Fragmenting Countries (Part 1: Catalonia Is Just The Beginning)
Picture a life where you do most of your shopping through Amazon.com and the local farmers’ market, most of your communicating through Facebook and Instagram, much of your travel via Uber, and much of your saving and transacting with bitcoin, gold and silver.
Do you really need an immense, distant, and rapacious central government? Maybe not. Perhaps your region or ethnic group would be better off forming its own independent country.
This question is being asked — and answered — in a growing number of places where distinct cultures and ethnic groups within larger nations now see their government as more burden than benefit. The result: Secession movements are moving from the fringe to mainstream.
In just the past couple of weeks, Iraqi Kurdistan and Spain’s Catalonia declared their independence. Neither succeeded, but the fact that they felt free to try illustrates how times have changed.
This is fascinating on a lot of levels, but why discuss it on a gloom-and-doom finance blog? Because secession is about the messiest event a country can experience short of civil war. And few things are more financially disruptive for an already over-leveraged society than potential dissolution.

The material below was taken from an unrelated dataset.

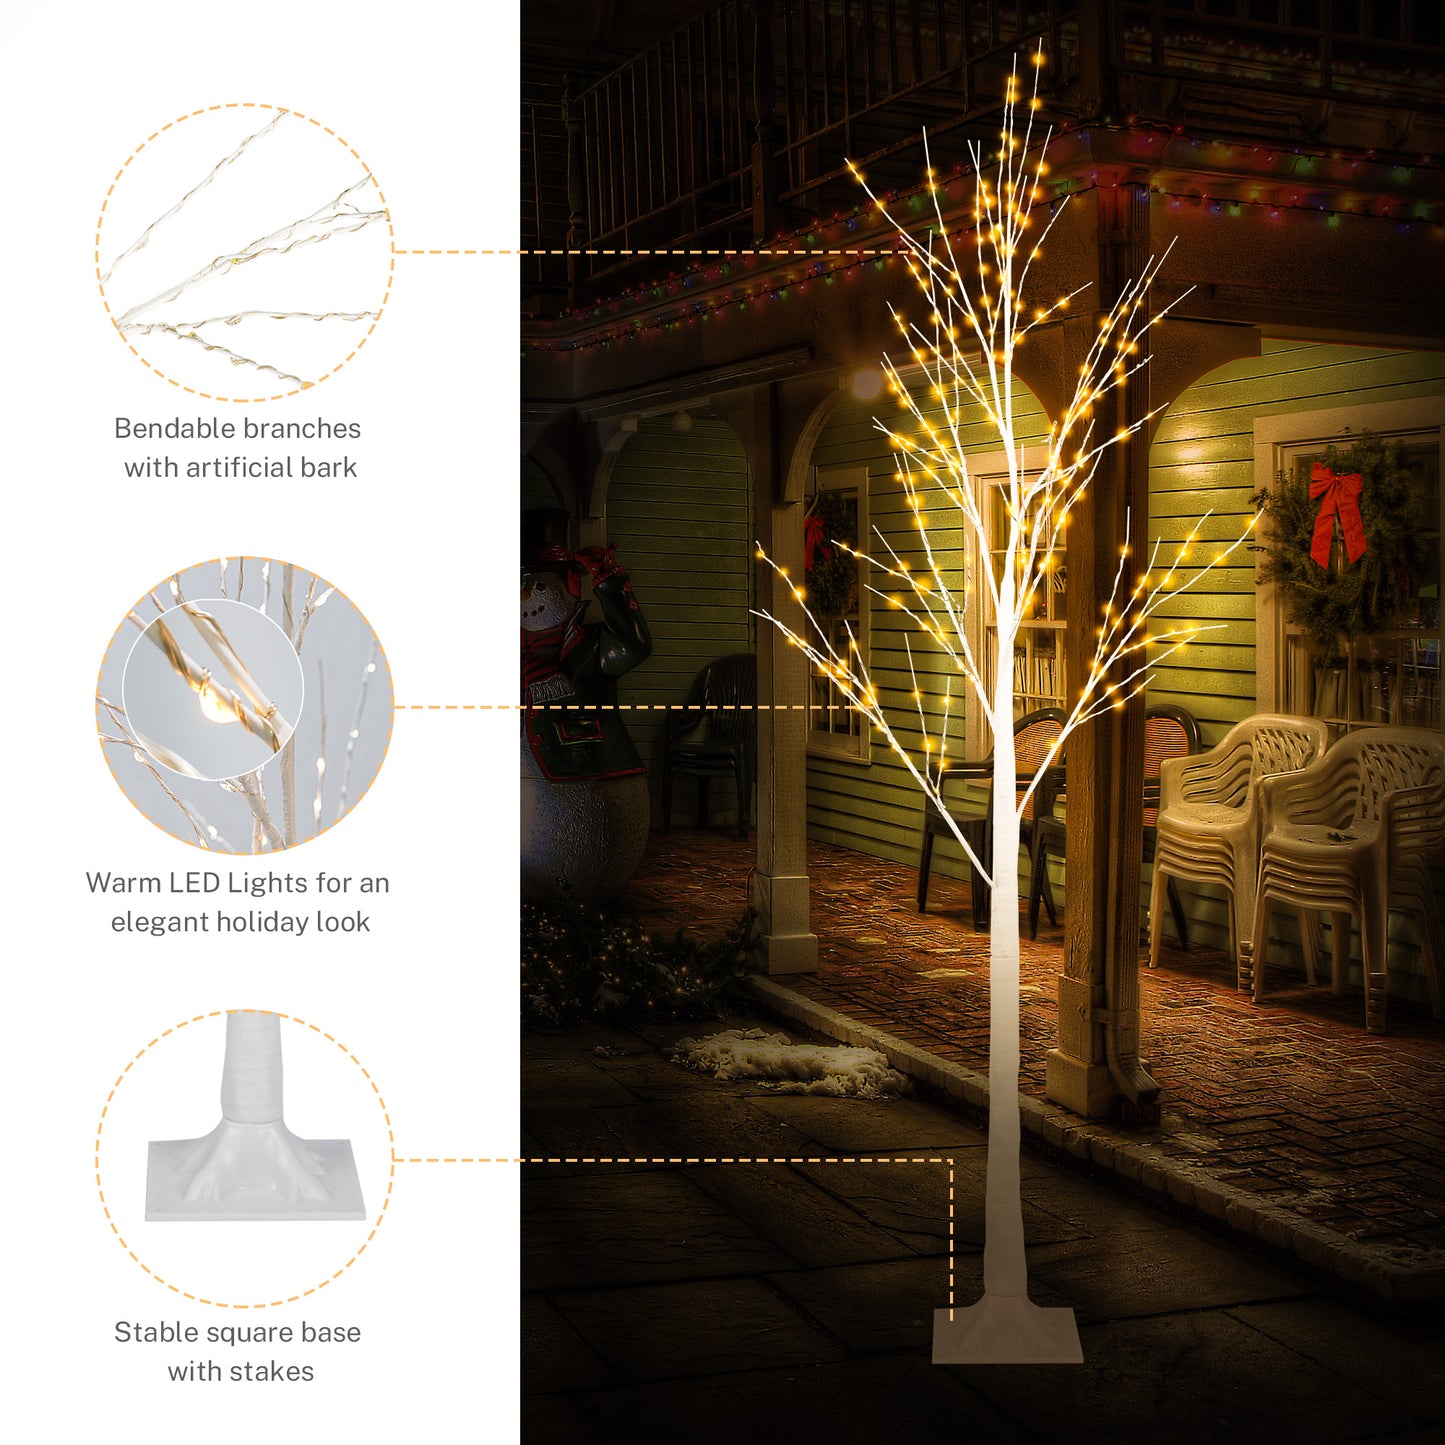 4ft/5ft/6ft White Birch Trees Set of 3, Christmas Trees with LED Lights, Lighted Birch Trees for Home Indoor Outdoor Festival Party Decoration, Christmas Decoration Trees, Warm White, Y034

Today’s fiat currencies depend for their value on the belief that the governments managing them are coherent and competent. Let a major region break away and plunge a debtor country into political/civil chaos and the markets will abandon its currency in a heartbeat. Note the sense of panic in the following article:
EU TURMOIL: Finland preparing to go against Spain and RECOGNISE Catalonia’s independence
(Express) – FINLAND could be the first country to officially recognise Catalonia as a republic state, in a move that would put the Scandinavian country in direct opposition to the European Union (EU).

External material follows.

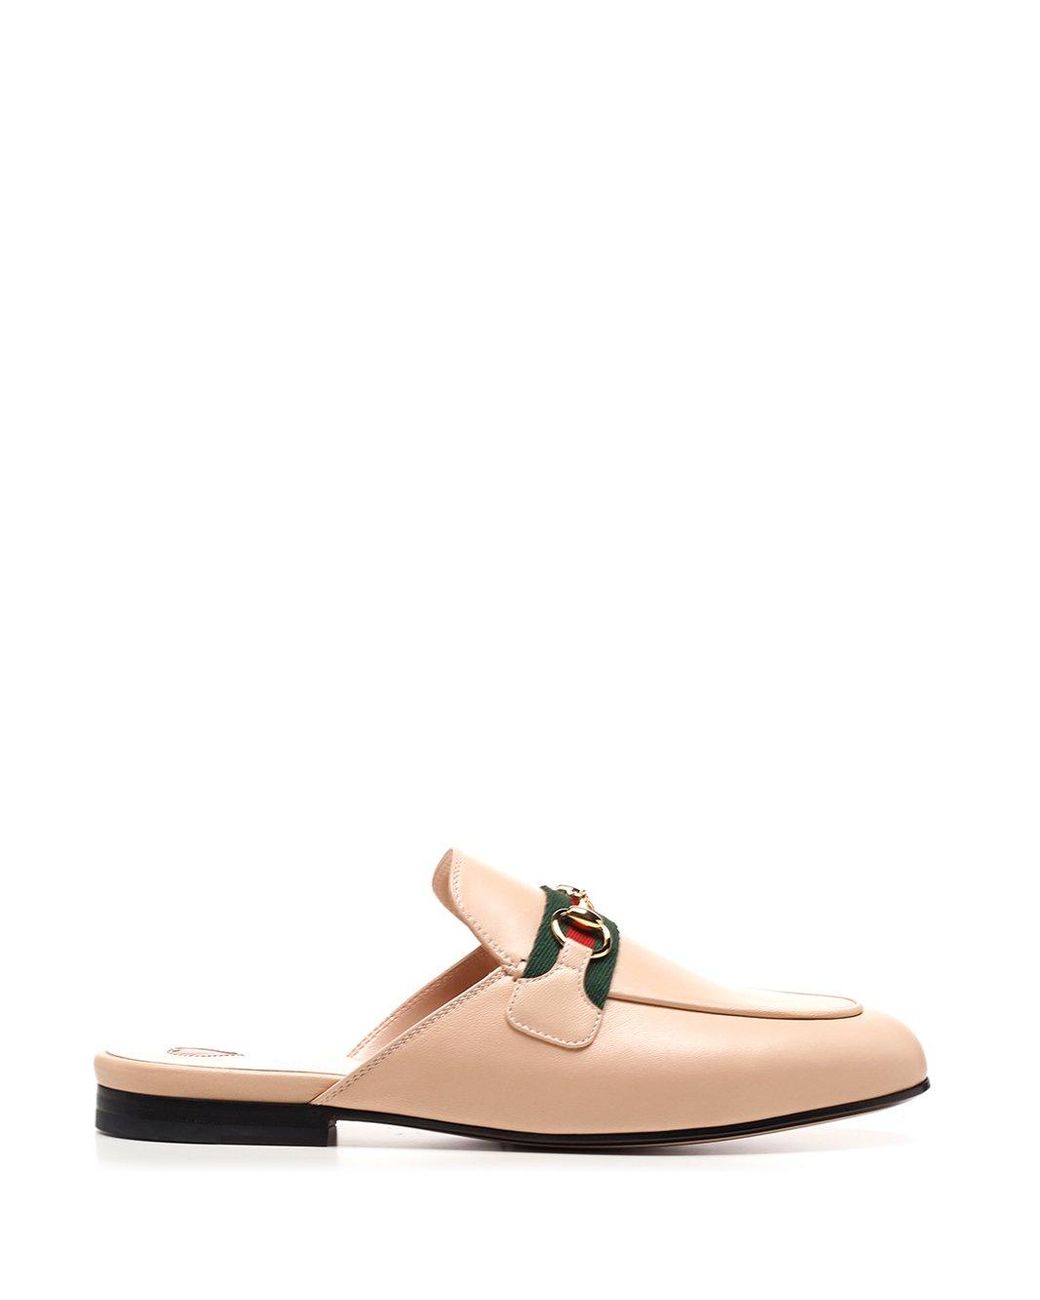 Gucci Princetown Leather Slipper in Natural | Lyst

The country’s MP for Lapland Mikko Karna has said that he intends to submit a motion to the Finnish parliament recognising the new fledgling country.
Mr Karna, who is part of the ruling Centre Party, led by Prime Minister Juha Sipila, also sent his congratulations to Catalonia after the regional parliament voted earlier today on breaking away from the rest of Spain.

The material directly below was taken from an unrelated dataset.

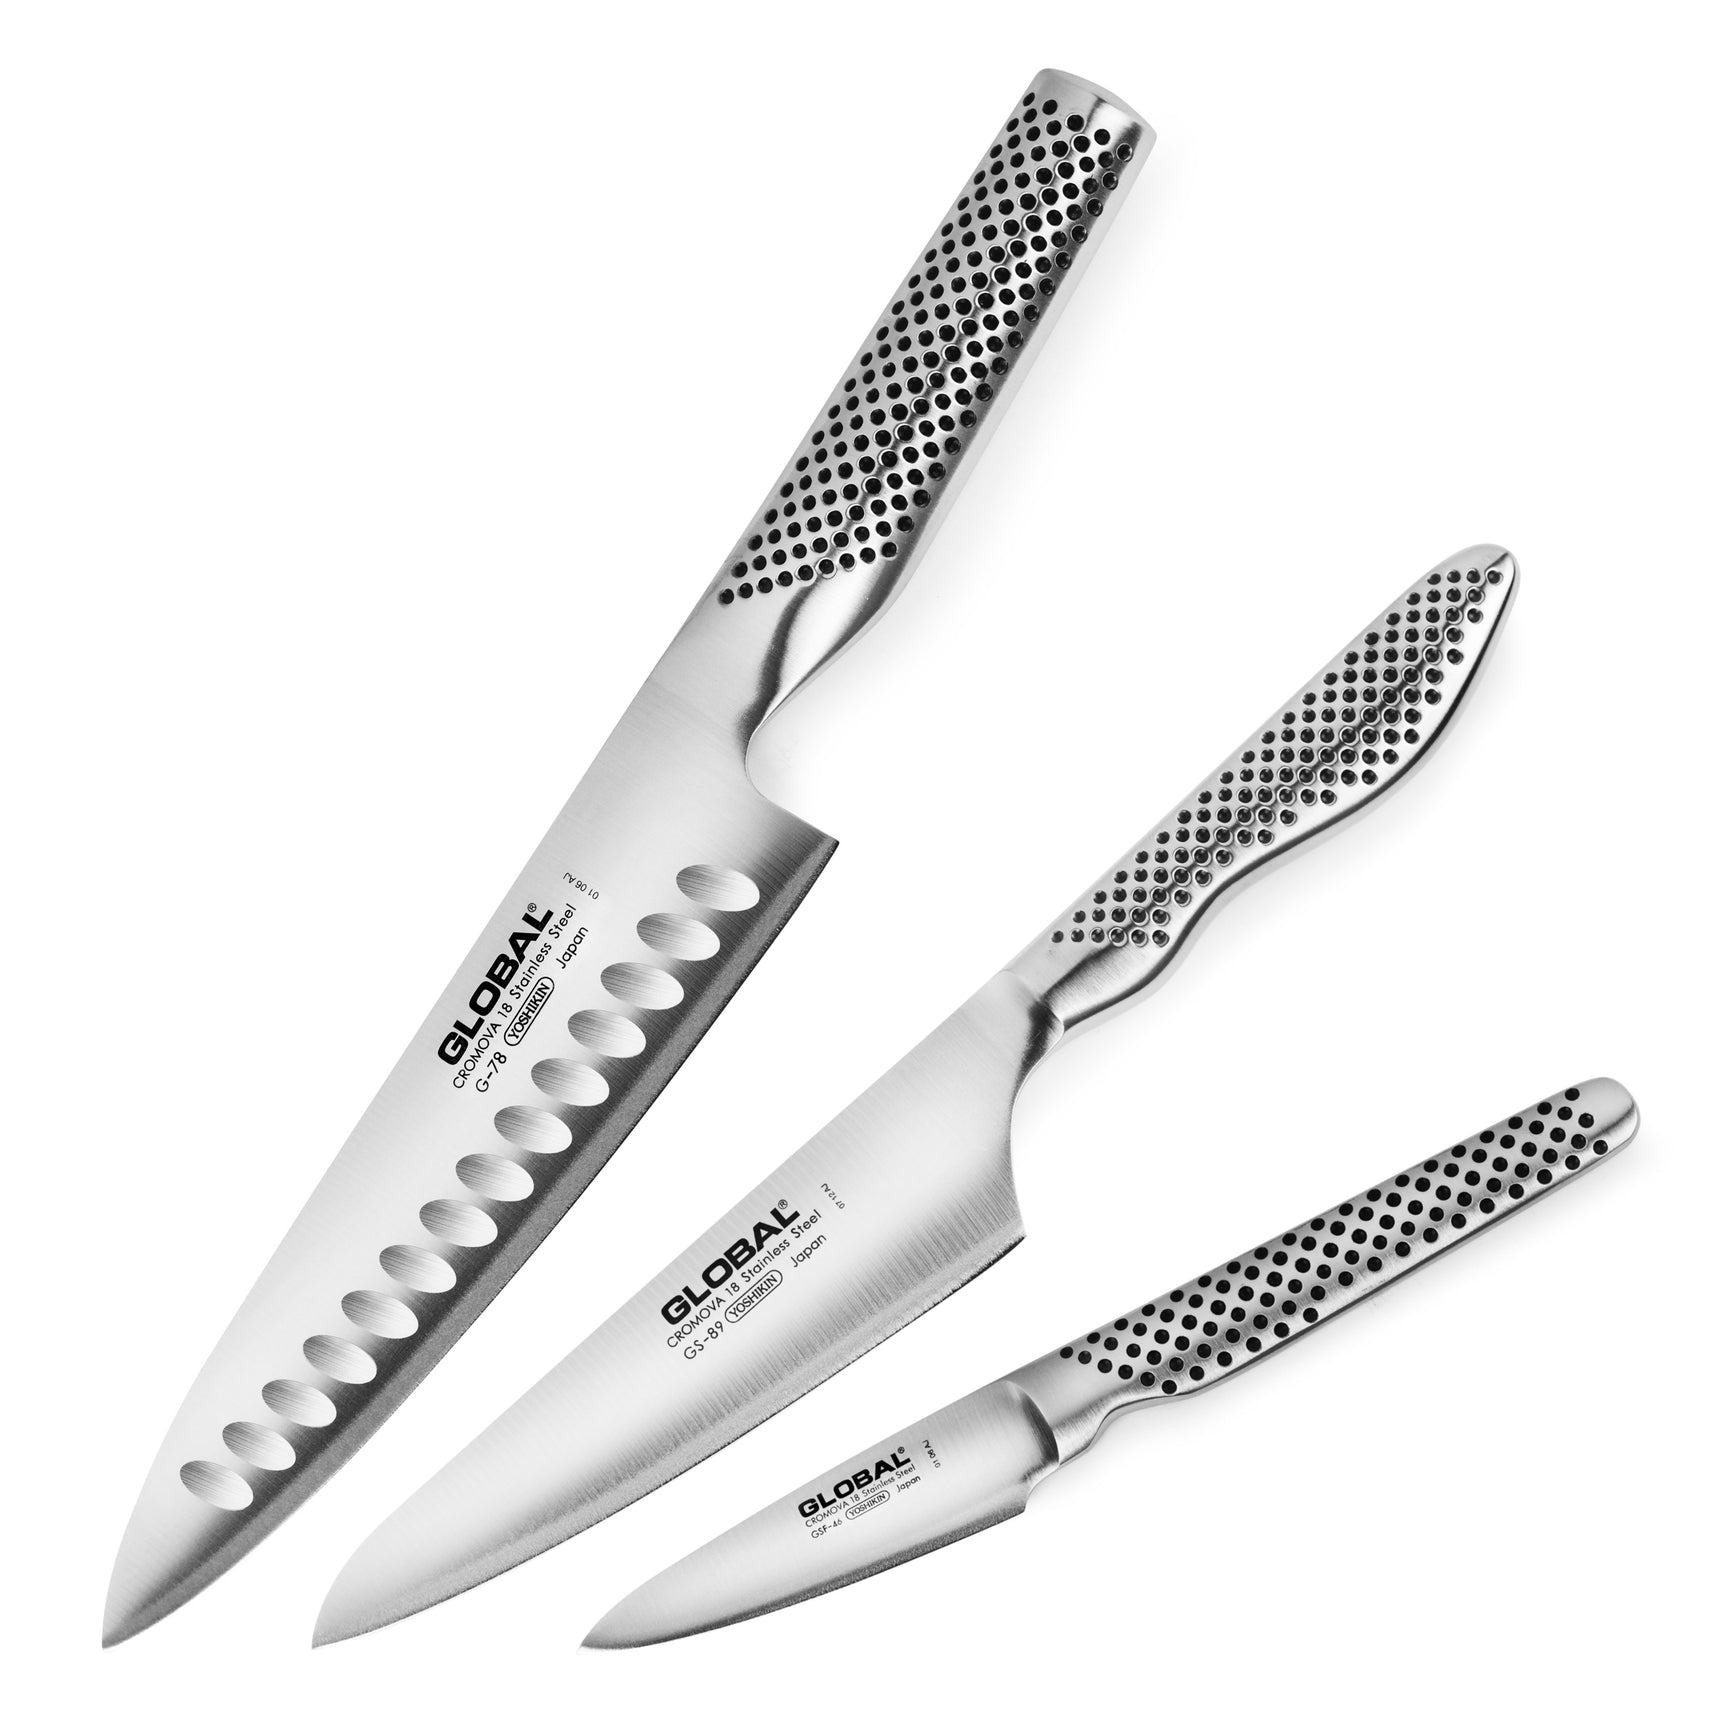 Global Knife Sets – Cutlery and More

Should Finland officially recognise the new state of Catalonia this will be yet another body blow to the the EU which has firmly backed the continuation of a unified Spain under the control of Madrid.
European Commission President Jean-Claude Juncker warned today that “cracks” were appearing in the bloc due to the seismic events in Catalonia that were causing ruptures through the bloc.
Mr Juncker spoke in favour of unity. He said: “I do not want a situation where, tomorrow, the European Union is made up of 95 different states. We need to avoid splits, because we already have enough splits and fractures and we do not need any more.”
The Scottish Government has also sent a message of support, saying that Catalonia “must have” the ability to determine their own future.
Scotland, of course, is itself considering secession from the UK, which recently voted to leave the European Union.
The political class, meanwhile, is trying to figure out where it went wrong. See the New York Times’ recent What Is a Nation in the 21st Century?
If the combination of long-term financial mismanagement and sudden technological change really has made large, multi-cultural nations dispensable, then some of them are going to fragment. This in turn will contribute to the failure of the fiat currency/fractional reserve banking system that’s ruining global finance. Poetic justice for sure, but of an extremely messy kind.